• Data below:
☆ ☆ ☆ ☆

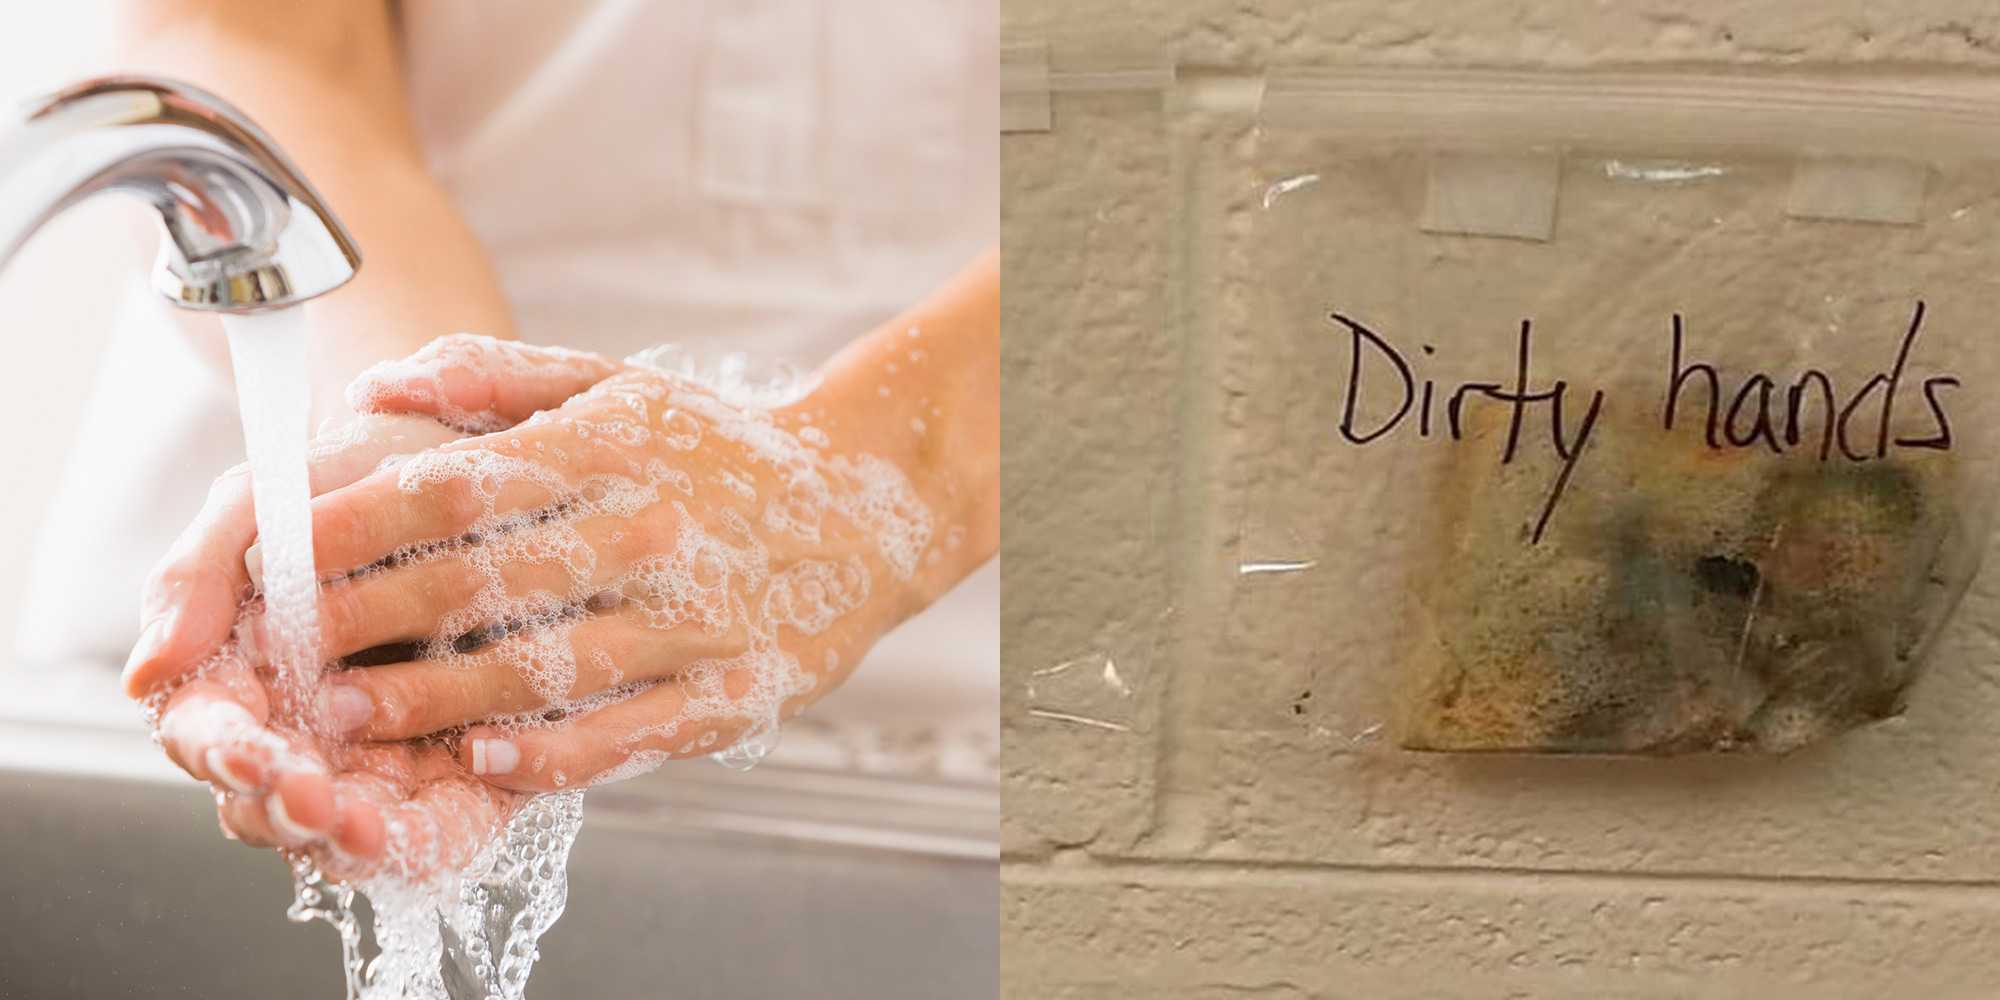 This gross experiment is here to remind you of the importance of hand washing
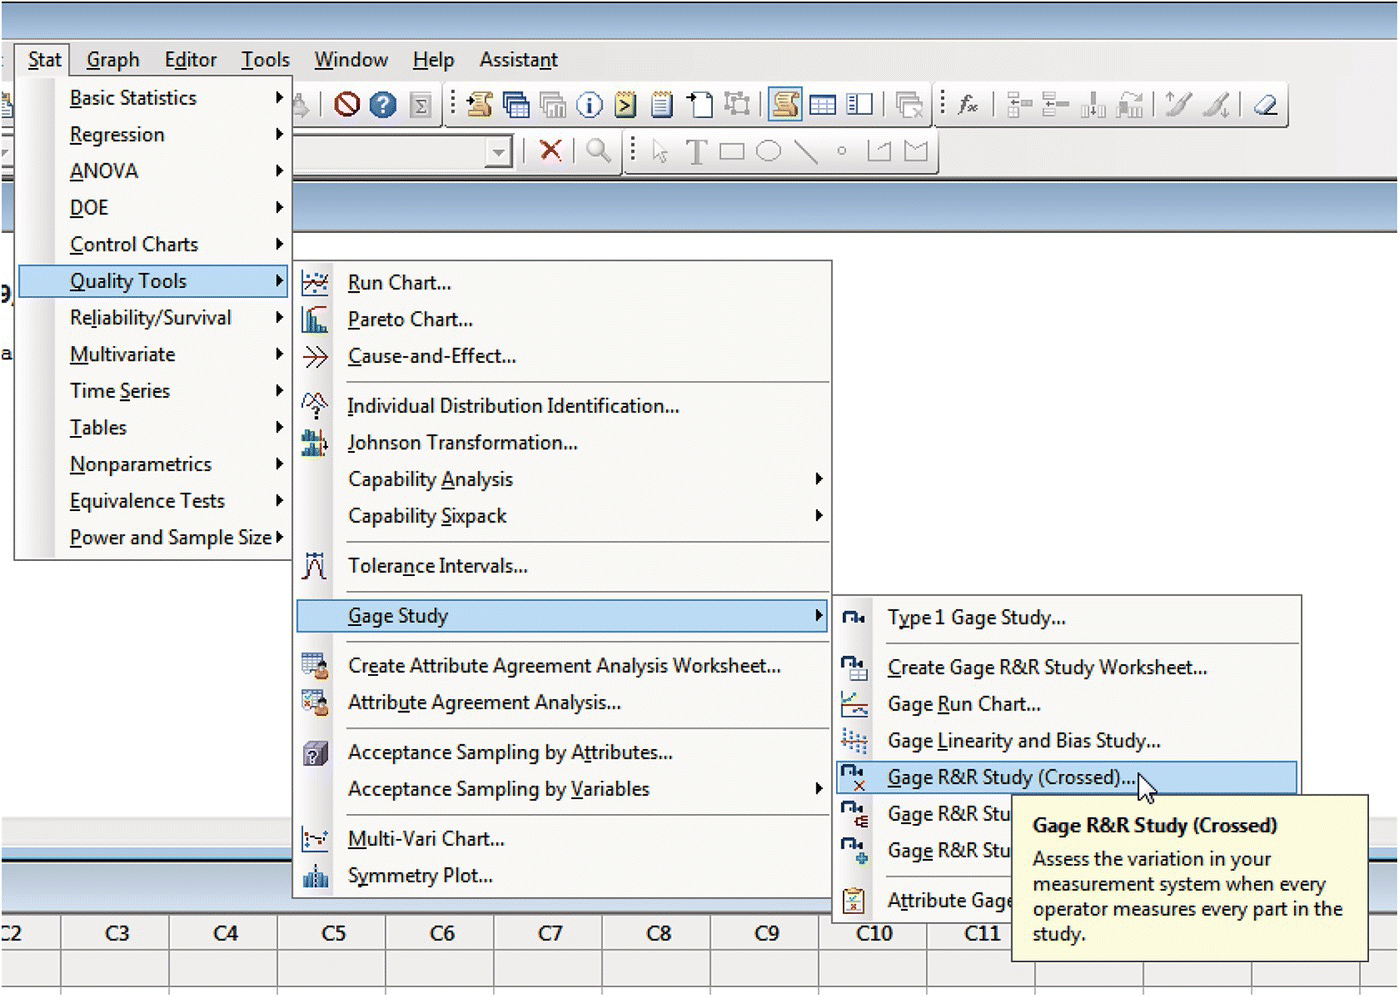 Screen capture of the Minitab window displaying a dropdown list for Quality Tools options to a dropdown list for Gage Study with Gage R&R Study (Crossed) selected.
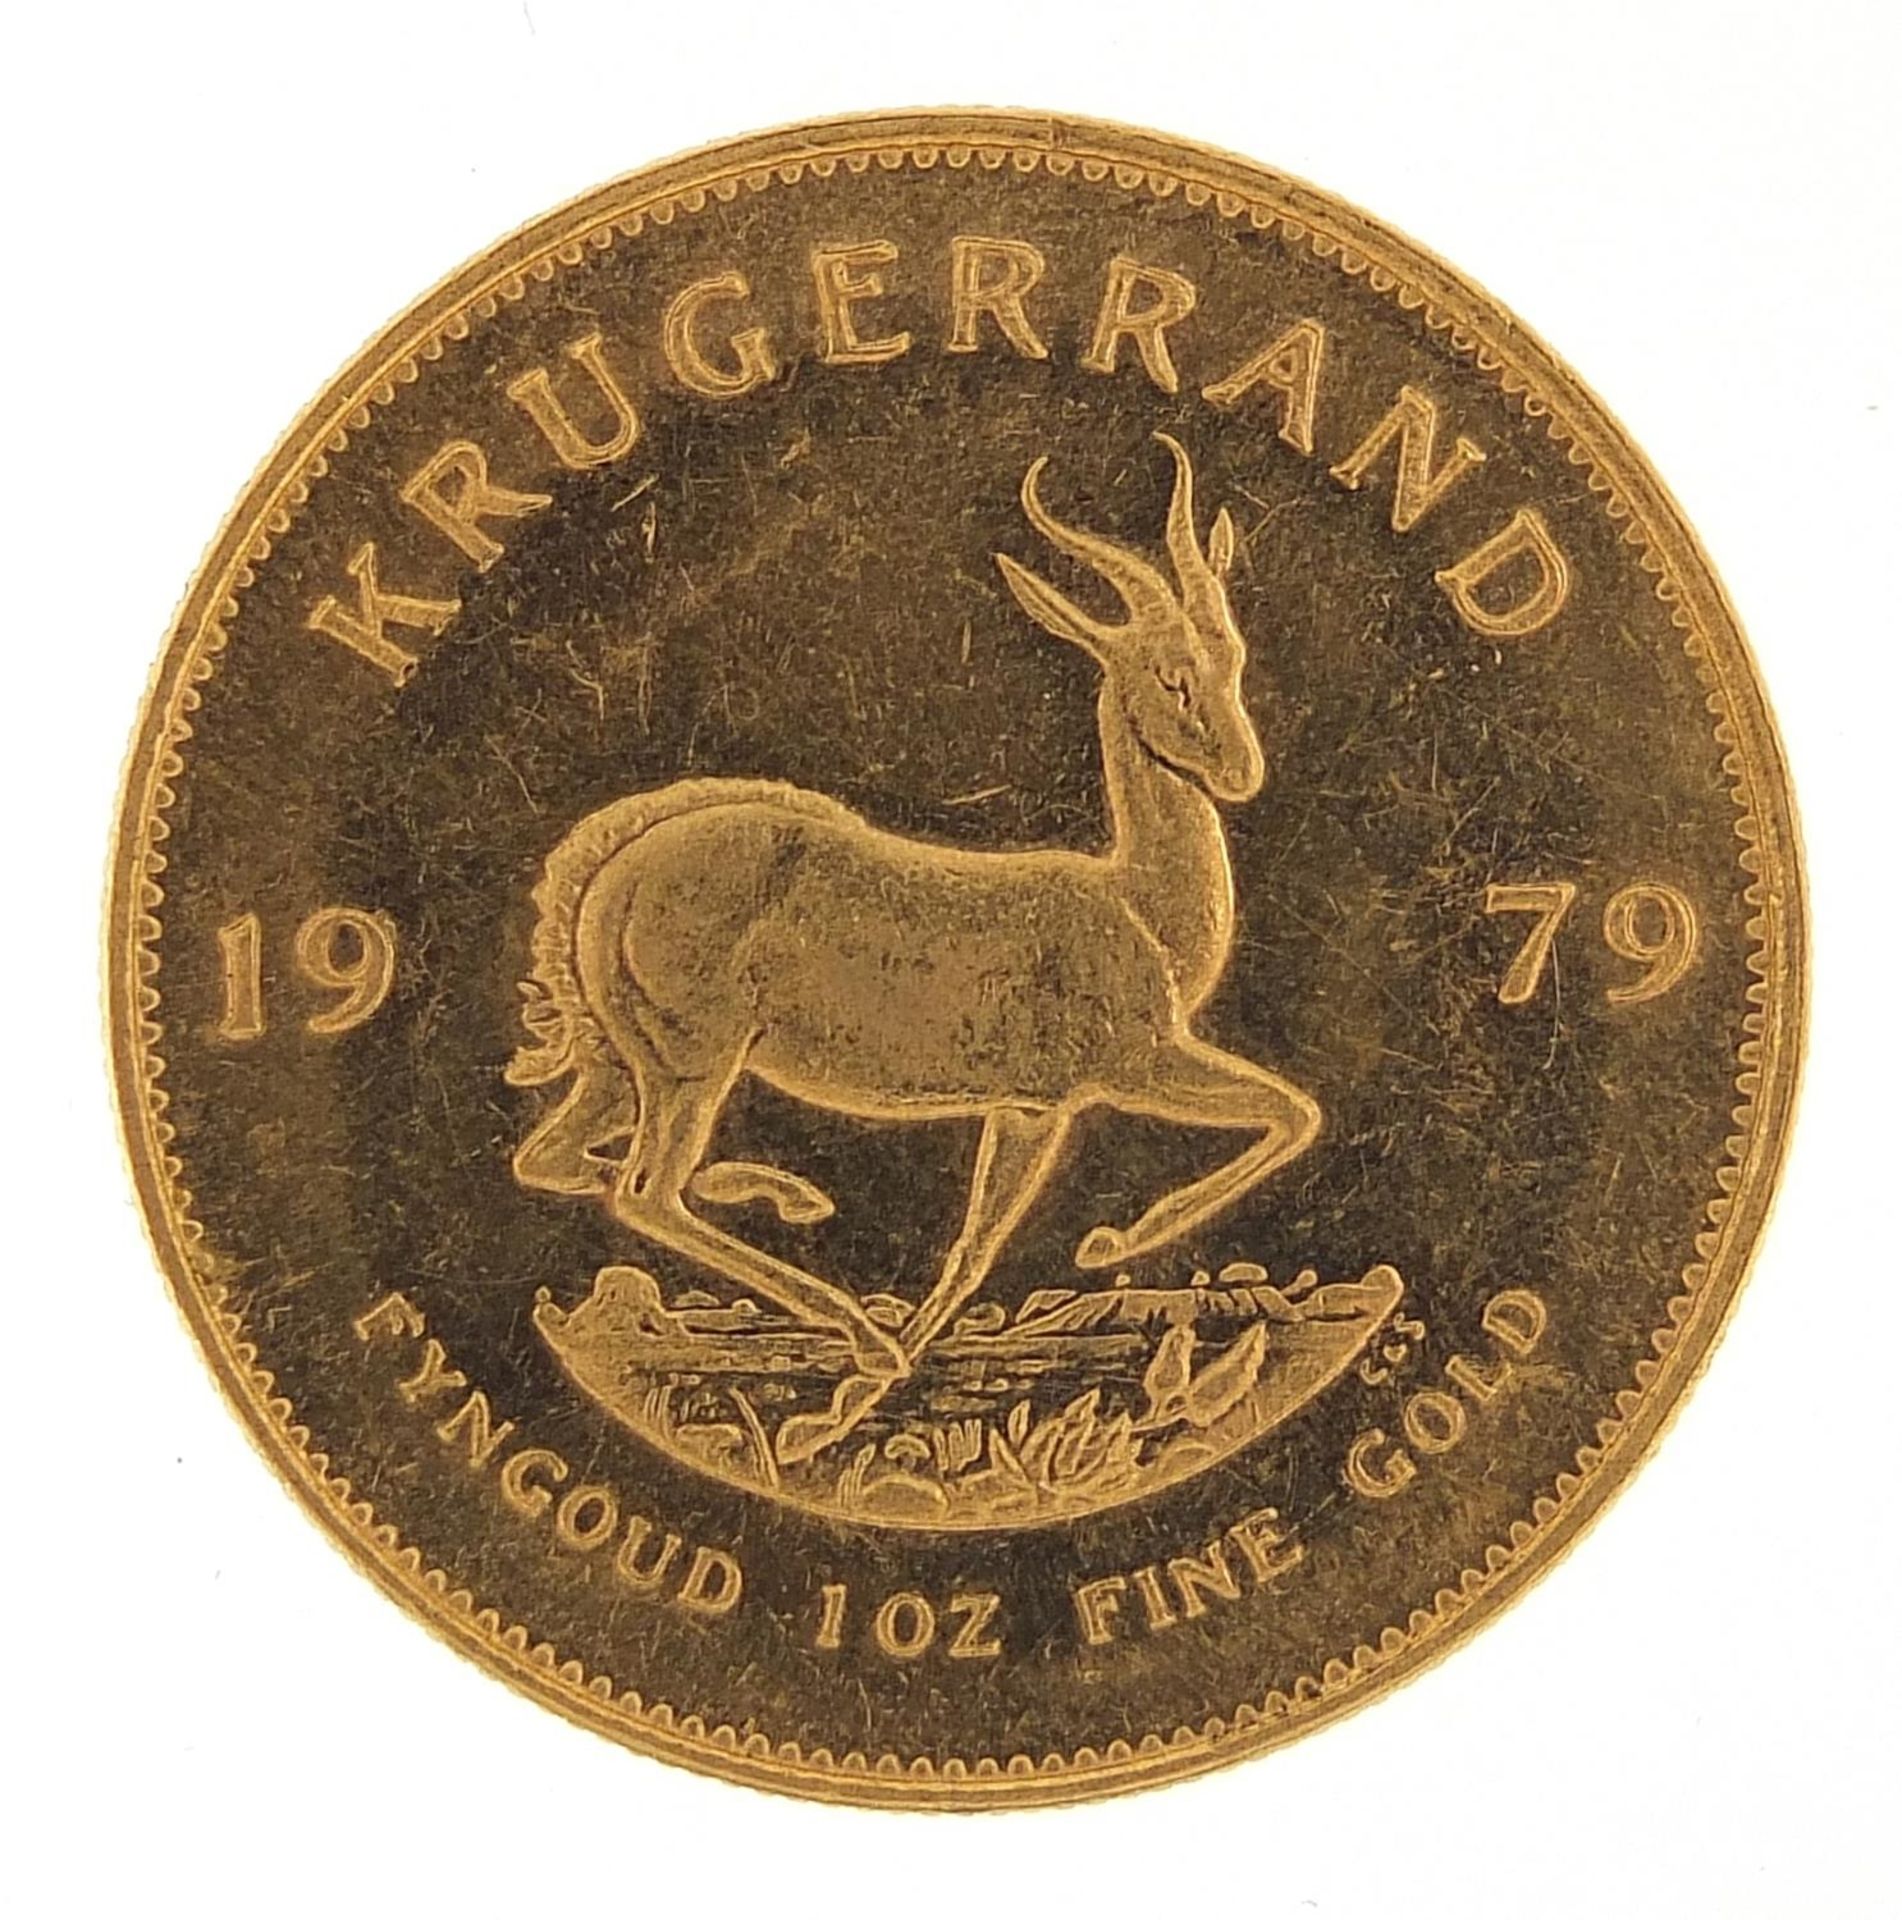 South African 1979 gold krugerrand - this lot is sold without buyer?s premium, the hammer price is

☆ ☆ ☆ ☆

• Exercise requirements: None of the pictures belong in the copy; transcribe the rest of the data exactly.

• Final answer:
 This gross experiment is here to remind you of the importance of hand washing
 Screen capture of the Minitab window displaying a dropdown list for Quality Tools options to a dropdown list for Gage Study with Gage R&R Study (Crossed) selected.
 South African 1979 gold krugerrand - this lot is sold without buyer?s premium, the hammer price is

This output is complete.